C'est pourquoi, dans un article, deux chercheurs et moi-même montrons qu'il faut modéliser ces trois processus en tenant compte des associations qu'on peut attendre entre la durée de vie des clients, la fréquence des transactions, et la valeur de ces transactions. Et que cette interdépendance peut dépendre du secteur ou même des clients au niveau individuel ! Nous montrons aussi que notre modèle plus flexible permet à la fois de mieux prédire la Valeur Vie Client, tout en ciblant plus intelligemment les segments de clients. En effet, si certains clients « compensent » leurs achats (par exemple s'ils achètent plus rapidement que d'habitude mais pour des montants plus petits), une promotion sera moins efficace que prévue. Il faut donc essayer de cibler les clients dont les comportements dans leur ensemble - en tenant compte des trois facteurs - sont les plus rentables.

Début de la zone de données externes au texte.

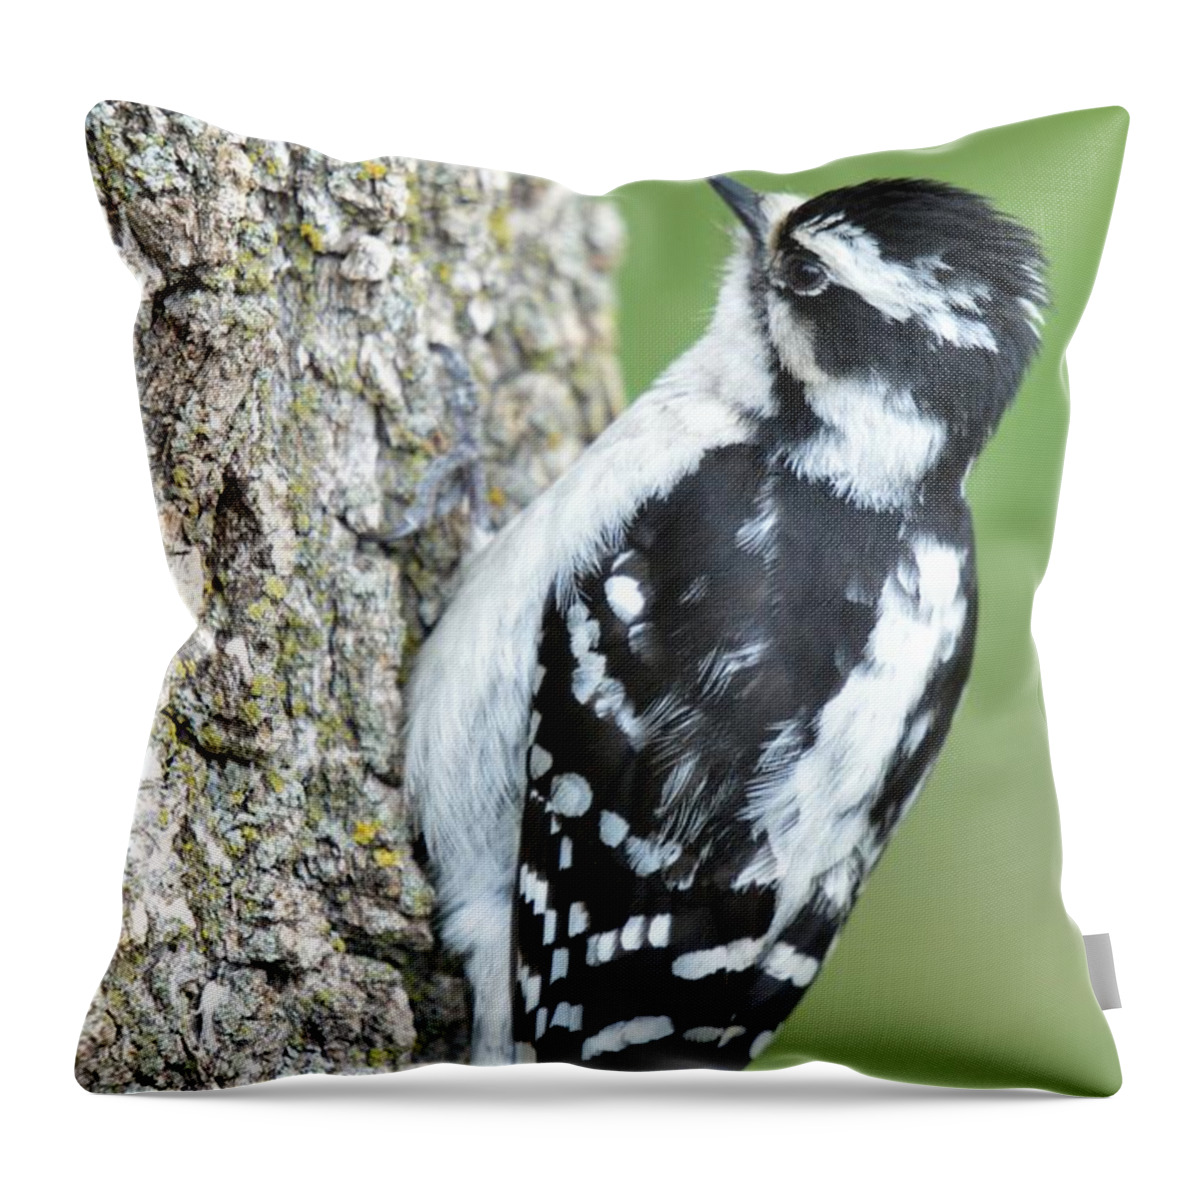 Animal Throw Pillow featuring the photograph Downy by Bonfire Photography

La Valeur Vie Client cherche à atteindre un objectif ambitieux : prédire l'activité générée par tous les clients individuels d'une entreprise. Si l'exercice peut être laborieux, cette mesure présente de nombreux avantages et a démontré qu'elle permettait de rendre les campagnes marketing plus efficaces.
Cependant, il faut rester prudent. Si l'exercice est approché d'une manière trop naïve, les conclusions qu'on en tire risquent d'être erronées. Il faut veiller à adopter la bonne démarche, et opter pour une méthodologie qui permet de modéliser le comportement des clients dans leur complexité.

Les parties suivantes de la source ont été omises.